Autoencoding any Data through Kernel Autoencoders
This provides a novel kernel-based method for data representation, potentially useful for domains like graph data, but it is incremental as it builds on existing autoencoder and kernel concepts.
The paper introduces Kernel Autoencoders (KAE) to represent data in Hilbert spaces, extending autoencoding to infinite dimensions and any data type via RKHS, with theoretical analysis and empirical validation on simulated data and molecules.
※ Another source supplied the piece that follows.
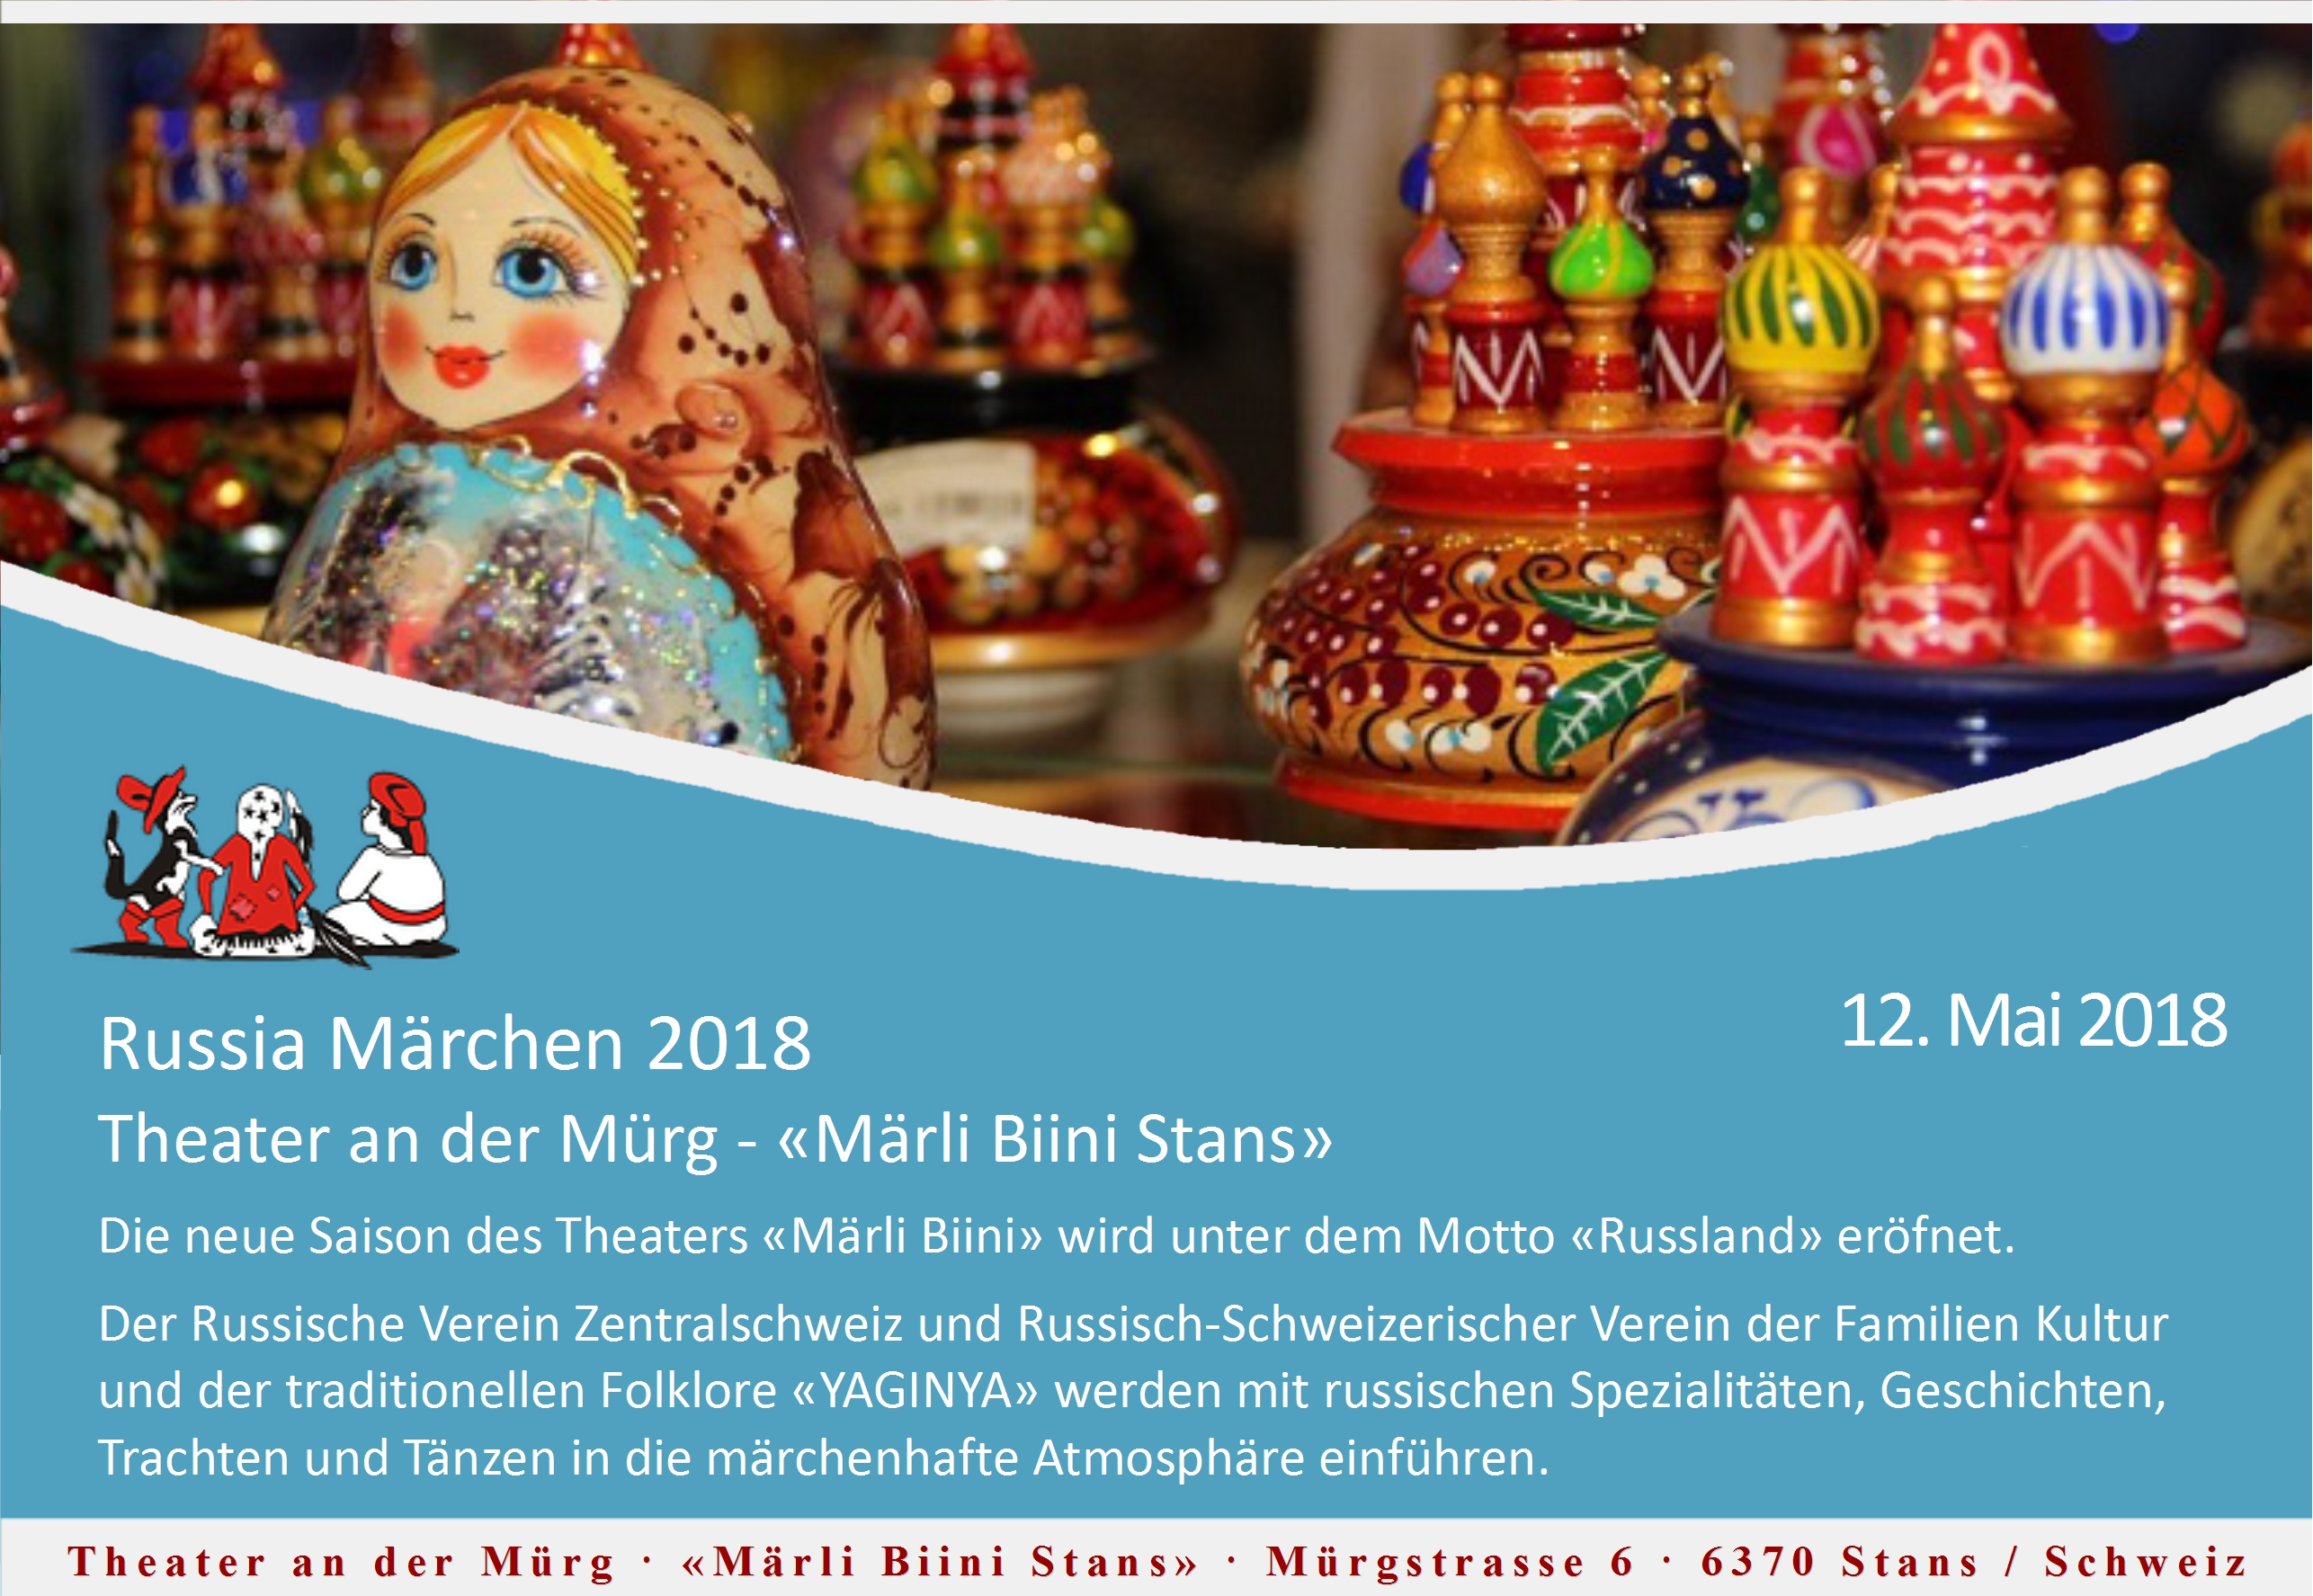 Theater_Stans_-_Märli_Biini_-_Russia_Märchen_2018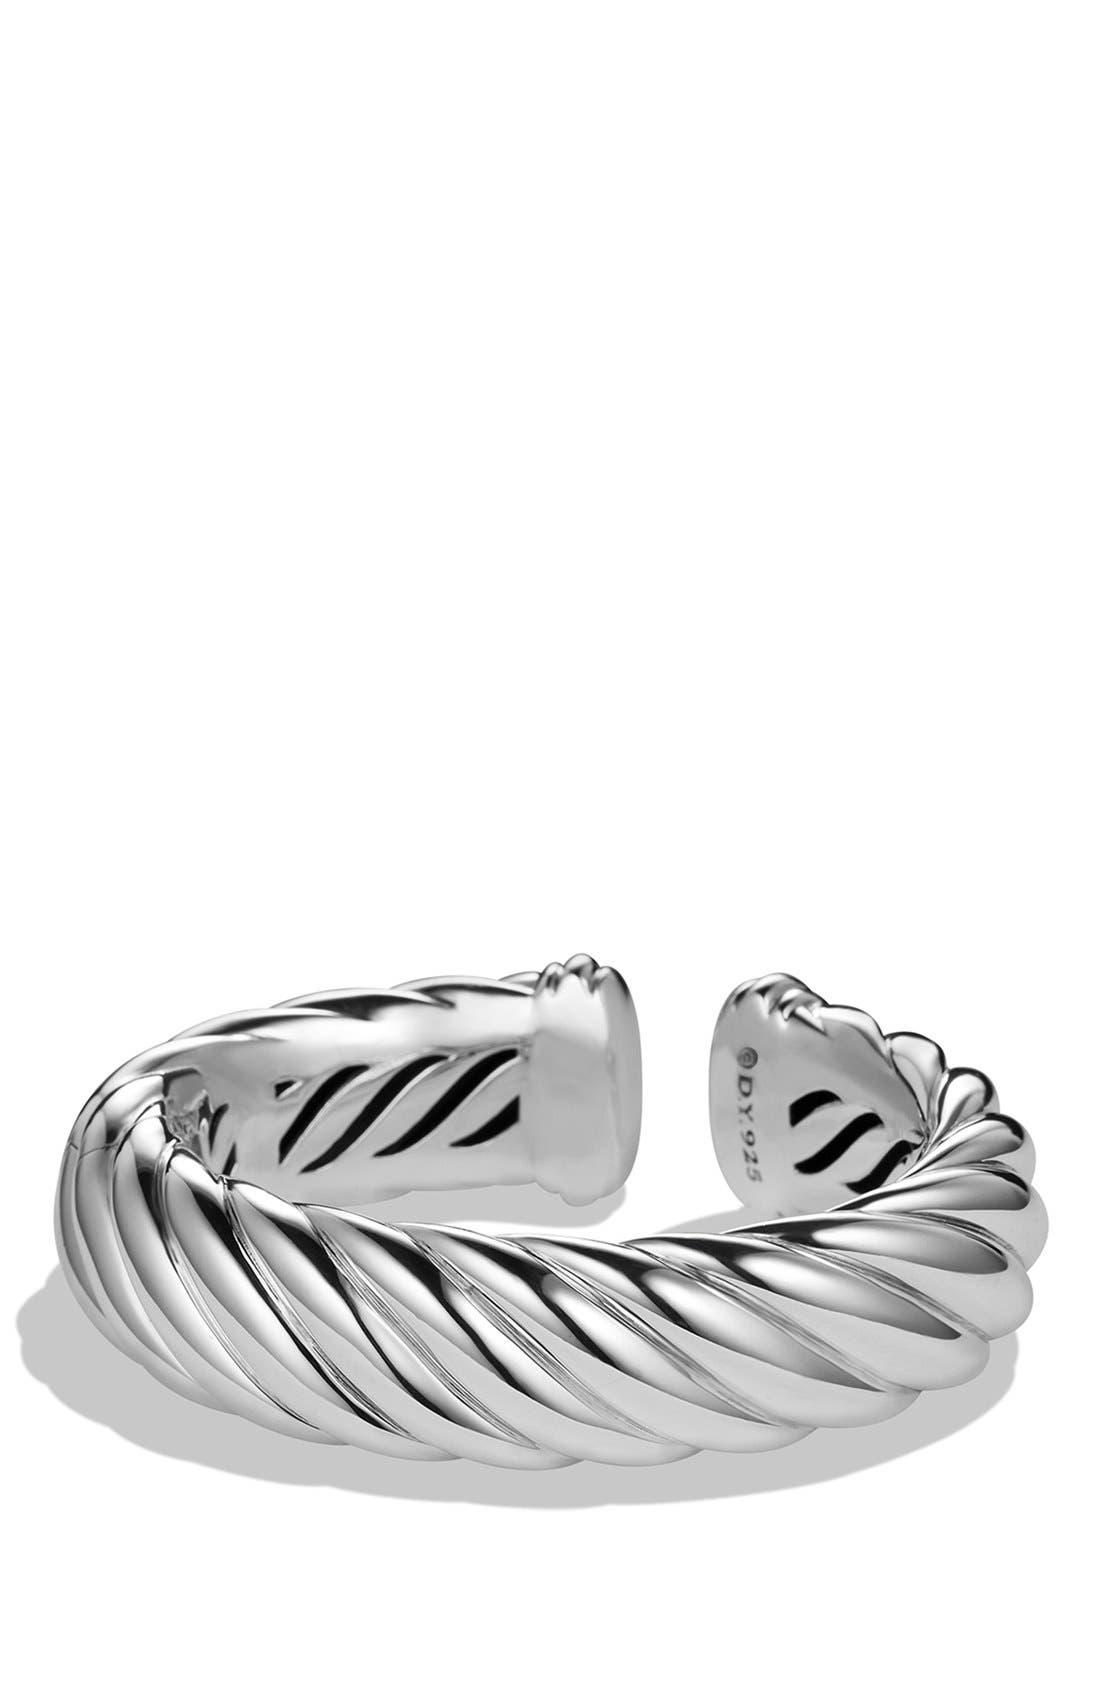 David Yurman 'Waverly' Bracelet

This paper investigates a novel algorithmic approach to data representation based on kernel methods. Assuming that the observations lie in a Hilbert space X, the introduced Kernel Autoencoder (KAE) is the composition of mappings from vector-valued Reproducing Kernel Hilbert Spaces (vv-RKHSs) that minimizes the expected reconstruction error. Beyond a first extension of the autoencoding scheme to possibly infinite dimensional Hilbert spaces, KAE further allows to autoencode any kind of data by choosing X to be itself a RKHS. A theoretical analysis of the model is carried out, providing a generalization bound, and shedding light on its connection with Kernel Principal Component Analysis. The proposed algorithms are then detailed at length: they crucially rely on the form taken by the minimizers, revealed by a dedicated Representer Theorem. Finally, numerical experiments on both simulated data and real labeled graphs (molecules) provide empirical evidence of the KAE performances.